I knocked on the saucer, the echo of my bare knuckles on metal louder than I’d intended. Ray moaned underneath. Brooder lifted it off Ray and helped him get up. We all walked silently back down the hill, and in the dim glow of the one streetlight that illuminated the cemetery’s entrance, we examined the sled. There were three holes, still hot, right in the middle where the shot had nearly gone through the metal. We marveled at it, and I shook Ray’s hand, frankly in dumb wonder at his being alive. Ray whooped, and I echoed his joy and relief. Brooder, however, remained silent, ushering us quickly into his truck, peeling out of the cemetery and heading straight for Keller’s house. At the foot of Keller’s driveway, he cut the truck’s lights and rolled quietly up the drive.

“Jesus Christ,” I said. “What are you doing?”

But Brooder only opened the truck door, grabbed his shotgun from the rack in the back of his truck, and started walking toward Keller’s barn. Ray and I sat stunned in the cab of the truck. The liquor was wearing off, and so was the blissful numbness.

“What’s he doin’?” Ray asked, trying, as I was, to make out Brooder’s shape in the darkness.

The shot rang out loud, but not as loud as the squeals of Keller’s new baby pig. Several more shots went off, this time from Keller’s gun, as Brooder ran back toward us. No one said a word when he got back in the truck, or during the entire drive back into town. There wasn’t room for conversation. And I couldn’t get that awful sound out of my ears for weeks.
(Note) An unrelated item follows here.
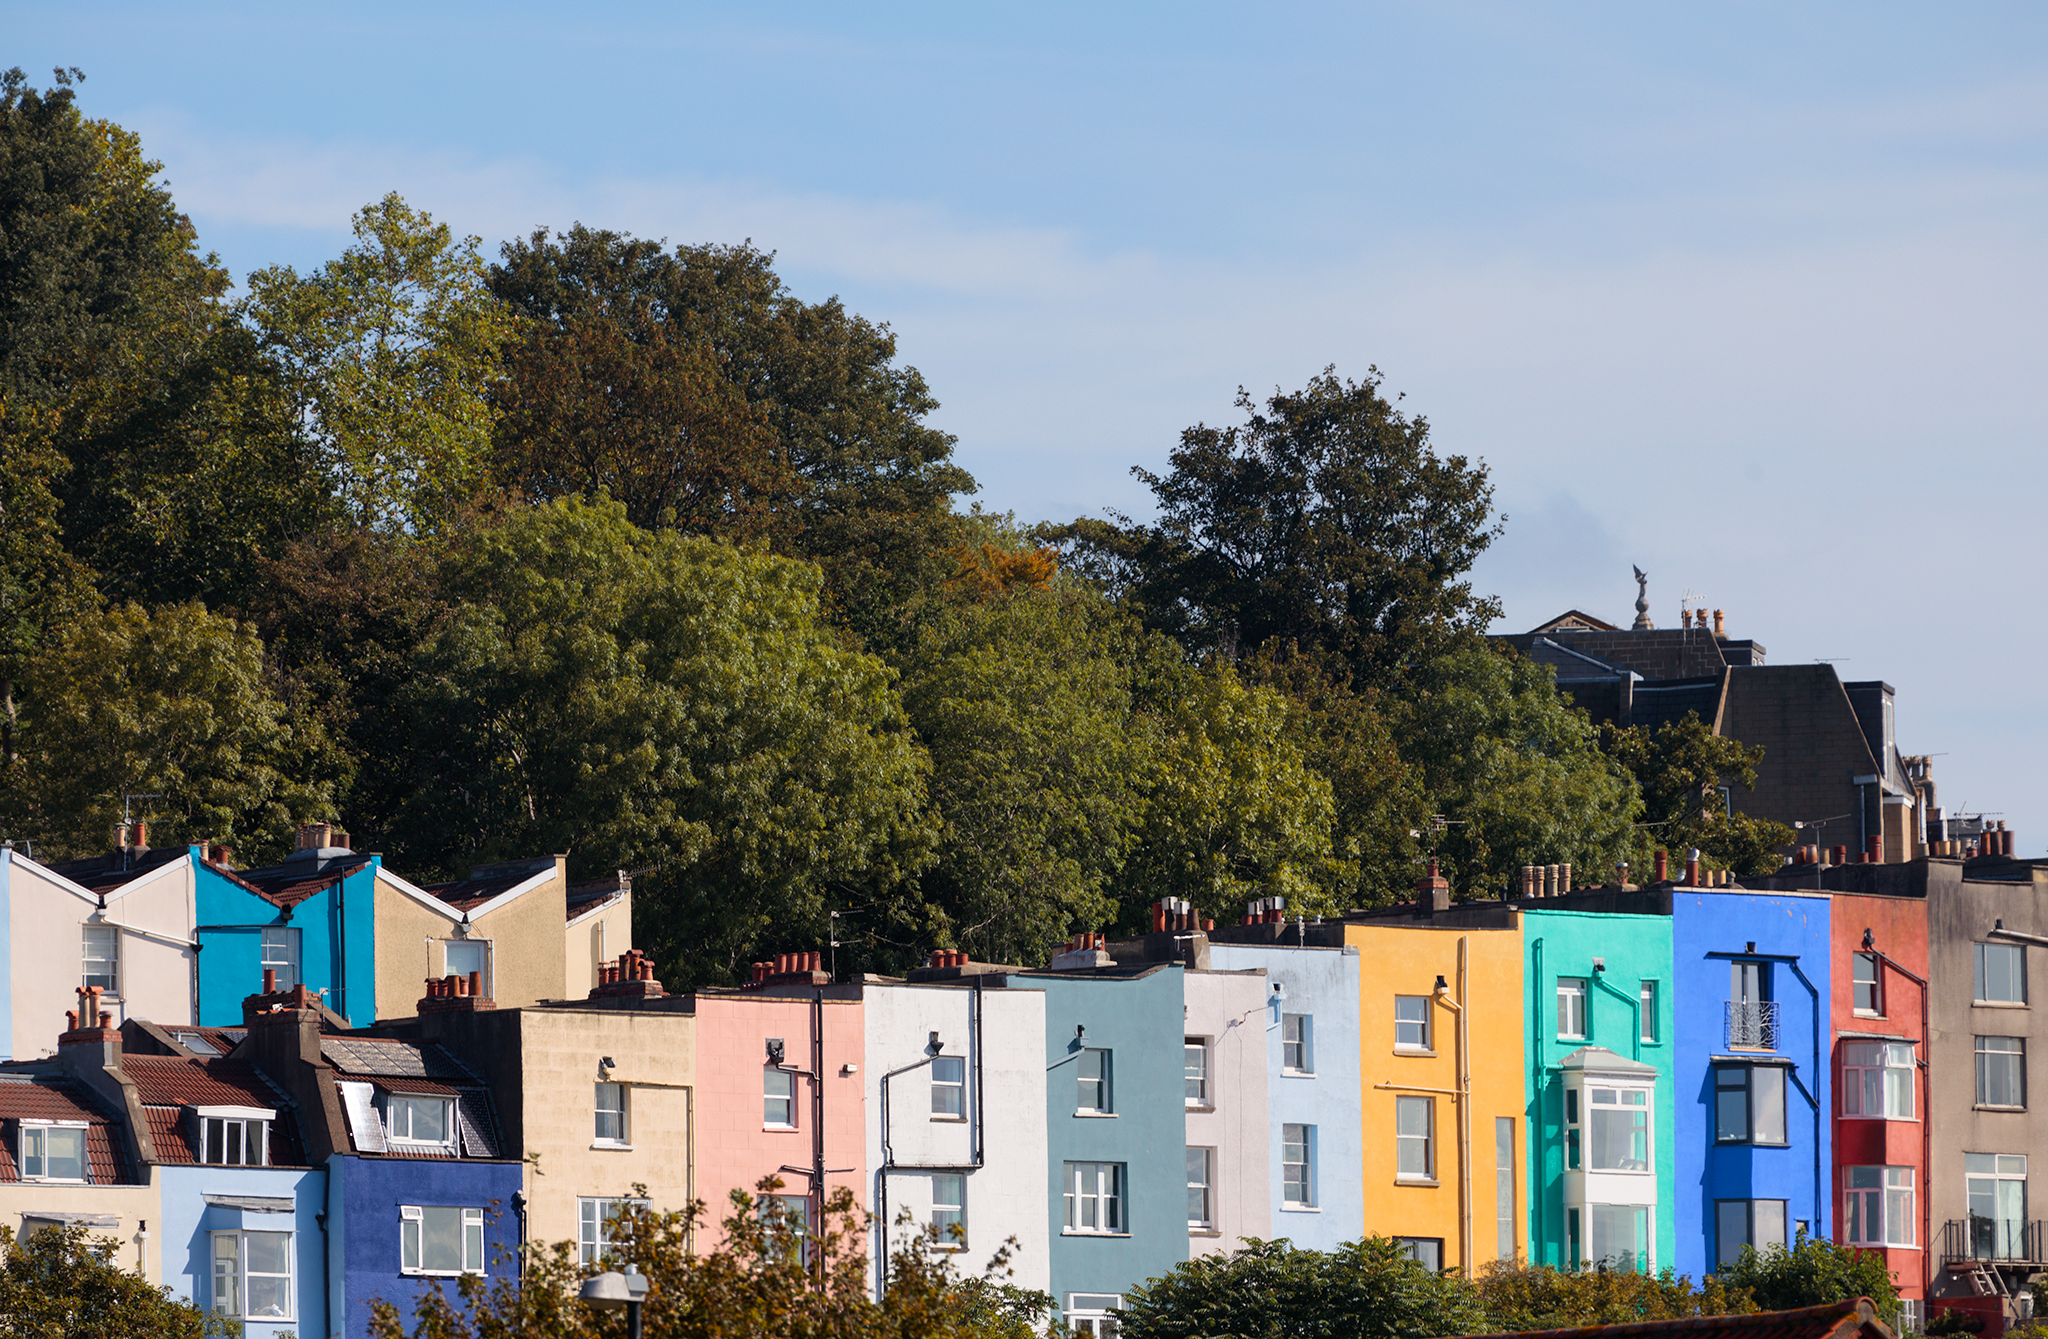 Colourful houses of Bristol
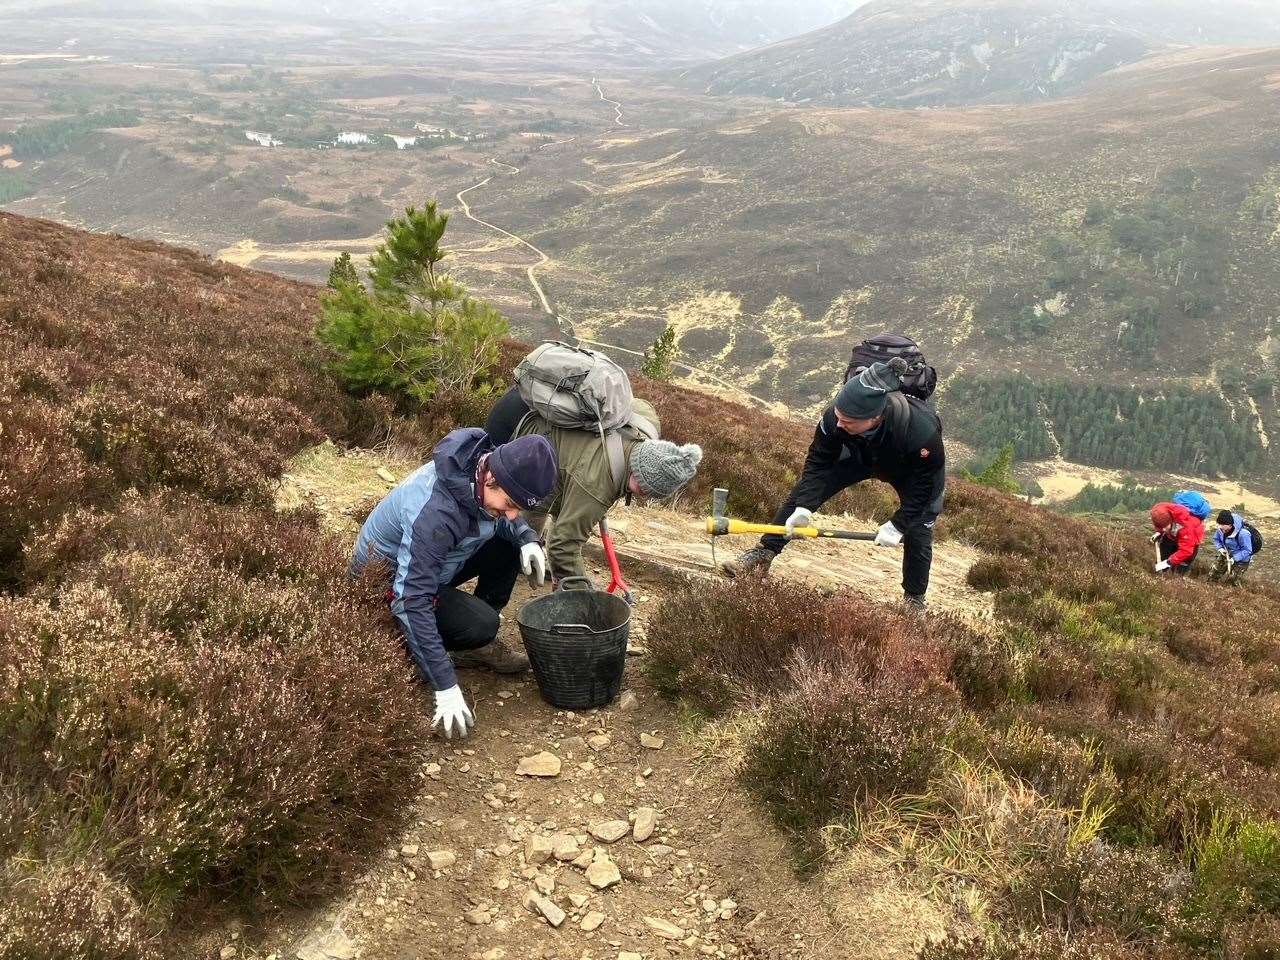 Volunteers from the Icelandic National Park system took to the slopes of Meall a’ Bhuachaille recently to learn about path maintenance and carry out repairs along the way. Picture: Ewan Watson / Outdoor Access Trust for Scotland

Brooder enlisted in the army not long after that. He shaved off his wild man mustache and beard, went to Betsy’s father for his first flat-top. I figure now he probably knew he wasn’t likely going to graduate, and I knew, after that night, he was capable of terrible things. Maybe he did too.

Sometime that winter, I decided to go to college. Despite the escapades of our fumbling triumvirate, I was a straight A student. But my academic ambitions had little to do with getting an education and everything to do with Betsy Parker. When I finally accepted that she was really planning to leave me behind, the choice was clear. I gave in to my mother’s pleas to become a matriculated student at her alma mater; with her legacy and my good grades, I was almost guaranteed admittance. Besides which, Middlebury was only about thirty miles from Castleton State College, where Betsy Parker would soon be a bona fide coed.

I never told Betsy what happened that night at Old Man Keller’s. I was too ashamed. She understood people, and she’d been right about Brooder.